Figure 6. (A) The distribution of T cell receptor (TCR) beta clonotype abundances in the naive CD8 population (one representative individual from three) before and after removing all those TCRs which are also found within one of the memory populations. (B–D) The Gini coefficient, the Shannon entropy and the Inverse Simpson diversity index calculated for each CD4 and CD8 subpopulation, for each of three individuals. All repertoires are subsampled to the same number of TCRs before calculating the index.

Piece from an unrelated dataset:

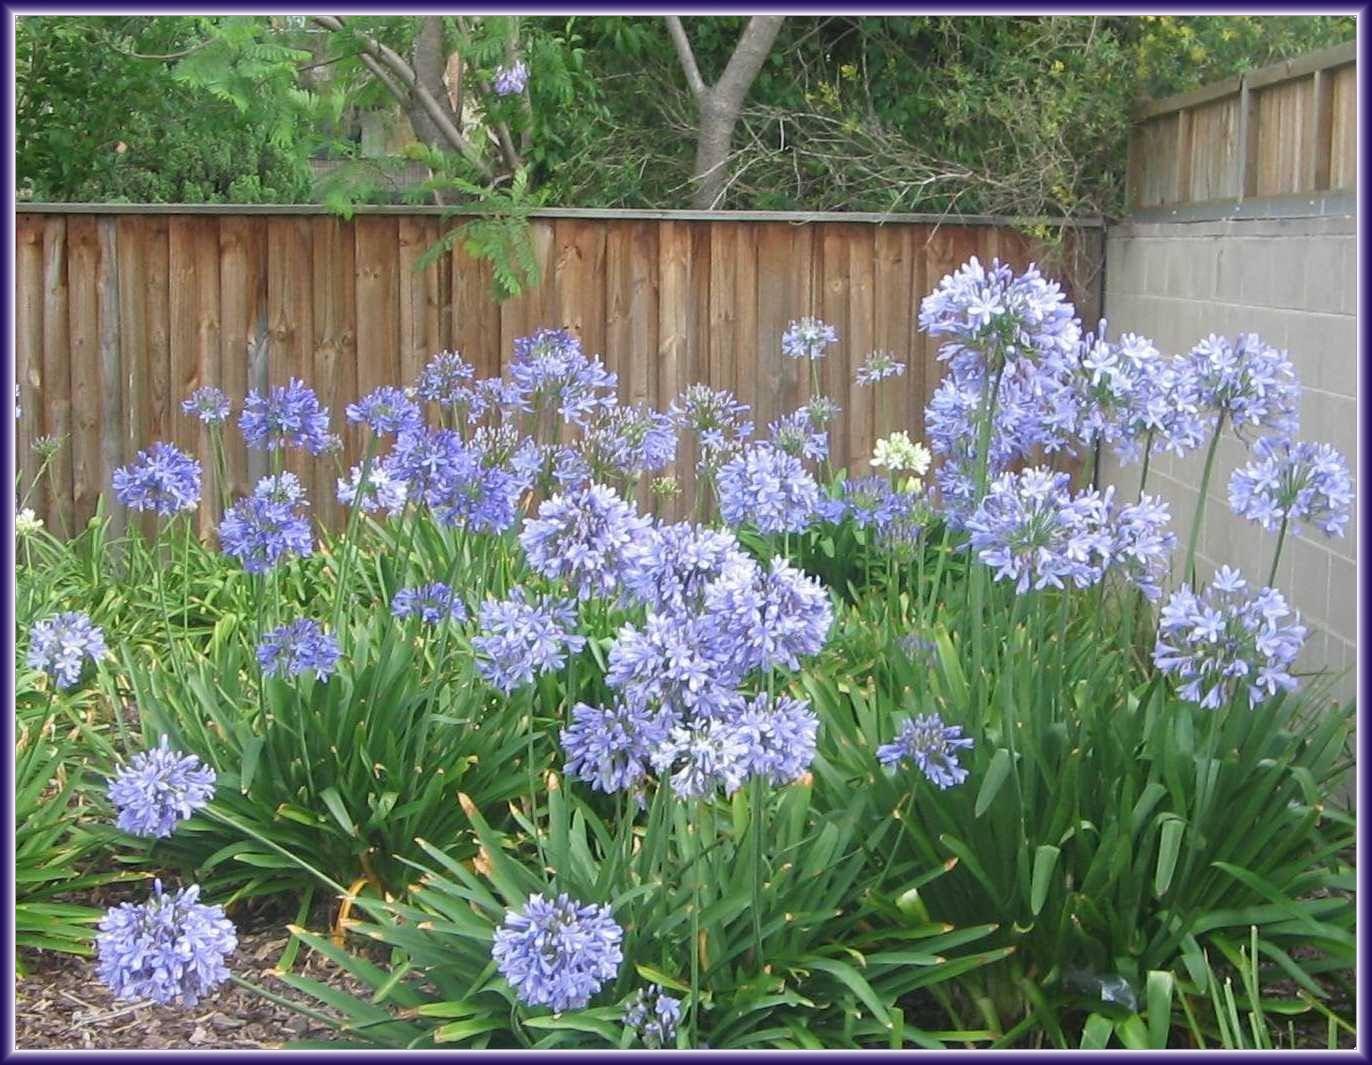 http://3.bp.blogspot.com/_049O4YhYX1w/TFWw0zdsFbI/AAAAAAAACkI/NbEu3AbRnAc/s1600/agapanthus_violet.jpg

We next calculated a number of TCR repertoire population parameters that have been used previously in the characterization of TCR repertoires (44). Since these diversity indices are affected by population size, we subsampled each repertoire to a fixed number of UMI-defined distinct TCR mRNA molecules. The Gini index, which captures the inequality in clonotype size across the population is shown in Figure 6B. As predicted, both CD4 and CD8 naïve T cells have a very low Gini index (naïve < all other groups for both CD4 and CD8, p < 0.01, Student’s t-test, n = 6). The index increases as one examines the CM, EM, and EMRA subpopulations, reflecting the emergence of more highly expanded clones. The Gini index for the alpha and beta chain is similar. The Shannon Information Entropy and the Inverse Simpson index (Figures 6C,D), frequently used as measures of repertoire diversity, shows the inverse pattern, decreasing with the progression from naïve through CM, EM, and EMRA (naïve > all other groups for both CD4 and CD8, p < 0.01, Student’s t-test, n = 6).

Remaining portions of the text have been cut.